- The Washington Times - Wednesday, April 14, 2010


On April 6, a federal appeals court in Washington handed the Federal Communications Commission (FCC) a significant defeat when it ruled the agency lacks authority to regulate the network management practices of broadband Internet service providers like Comcast and AT&T.; The court vacated an FCC order sanctioning Comcast for what the agency asserted was unjustified interference with a peer-to-peer file sharing video application. Comcast claimed its action had been aimed at managing its network in a way that provided a satisfactory experience for all its subscribers.

While a defeat for the FCC, the unanimous decision was a victory for the rule of law. The court affirmed the fundamental principle that an administrative agency cannot act outside the scope of authority delegated by Congress. The Commission argued that, even though Congress might not have delegated specific authority to regulate Internet providers, it possesses “ancillary” jurisdiction to do so in order to fulfill other statutory responsibilities.

For the court, this claim constituted a bridge too far. If the agency’s argument were accepted, the court said, “it would virtually free the Commission from its congressional tether.” Under the agency’s theory, “we see no reason why the Commission would have to stop there.”

Beyond its rule of law implications, the court decision is significant because the FCC had no intention of stopping “there.” Indeed, last October, it proposed a broader set of so-called net neutrality regulations dictating Internet provider practices. In essence, these new regulations would strictly prohibit Internet providers from “discriminating” in any way in handling traffic on their networks, including charging differential prices for carrying Internet transmissions.

The Commission’s problem is that, as the legal basis for the new net neutrality regime, it is relying on the same ancillary jurisdiction theory that the Comcast court just shot down. While the court did not expressly rule out all such claims in the future, its decision is written in a way as to make it unlikely they would succeed.

So what should the FCC do now? First, reject outright the argument being foisted upon it by the most rigid net neutrality advocates that it should change the regulatory classification of Internet providers to common carriers. The idea is that the Commission’s jurisdiction over common carriers is clear.

But in 2002, after thorough examination, the FCC ruled broadband providers should be classified as information services providers so they could avoid the regulatory straightjacket that characterizes common carriage. Since then, the marketplace has thrived. In 2002, approximately 15 percent of American households had access to broadband; now 95 percent do. Approximately 90 percent have a choice of two broadband providers - not even counting satellite or wireless operators. In the last five years, broadband providers have invested over $200 billion building out their networks.

In the face of this success, the FCC would be foolish to take a radical turn backwards by putting Internet providers into a public utility-like regime designed to regulate last century’s Ma Bell telephone monopoly. This would discourage investment and innovation and impede the providers’ ability to develop new business models responsive to changing consumer demands.
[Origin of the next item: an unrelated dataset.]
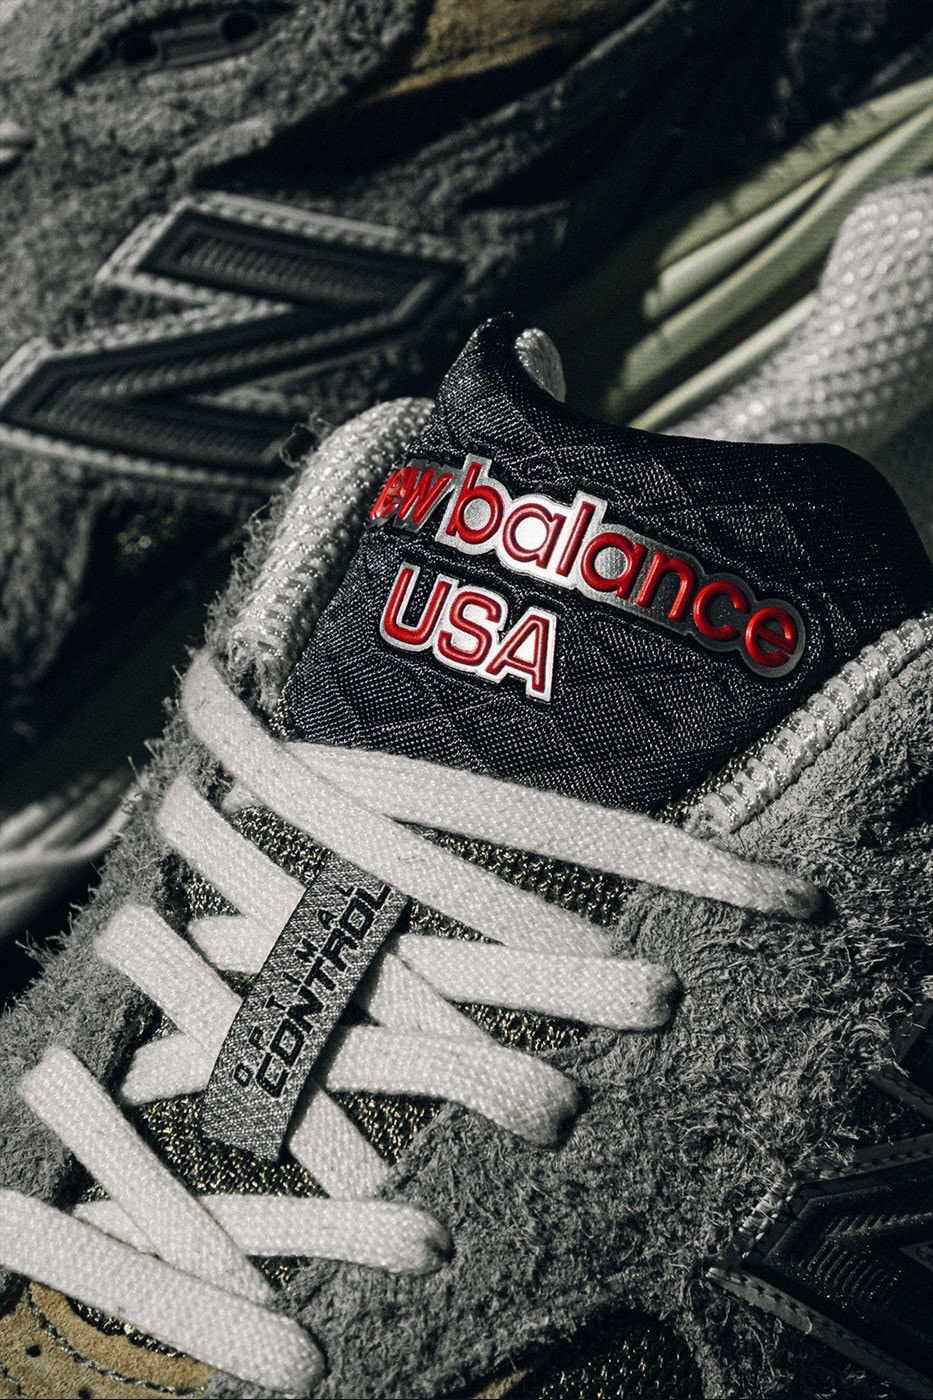 獨家近賞 New Balance MADE in USA 全新 990v2、990v3 鞋款

And while classifying Internet providers as common carriers might avoid the ancillary jurisdiction issue, it certainly would not be free from legal doubt. Justifying such an abrupt about-face after the Supreme Court so recently affirmed the agency’s 2002 classification decision would not be easy.

The reality is there is no present threat to the openness of the Internet, and the fact that almost all consumers now have a choice of multiple providers makes one unlikely to arise. When the FCC proposed the new net neutrality regulations, it cited only two isolated instances - one of which was the Comcast case - in which allegedly abusive practices had occurred. So there is no need for the Commission to do anything.

But if a majority of the five-member Commission nevertheless believes the agency needs some regulatory authority over Internet providers, it should ask Congress to establish a new legislative framework. Any new legislation should restrict the FCC’s authority to promulgate overly-broad anticipatory restrictions. Instead, the FCC should be granted narrowly-circumscribed authority, upon the filing of a complaint and after an on-the-record adjudication, to prohibit Internet providers that possess substantial, non-transitory market power from engaging in practices determined to cause demonstrable harm to consumers.

A rule such as this would provide the FCC with a principled, economically-sound basis for adjudicating fact-based complaints alleging that Internet providers have acted in ways that injure consumers. Indeed, this type of market-oriented legislative framework could become a model for refashioning the FCC’s mission in a way that recognizes that, in today’s dynamic, competitive communications marketplace, all FCC regulatory activity should be tied closely to findings that a proven market failure has caused consumer harm.

Randolph J. May is president of the Free State Foundation, a free market-oriented think tank located in Rockville, Maryland. He is the editor of the book, “New Directions in Communications Policy” (Carolina Academic Press, 2009).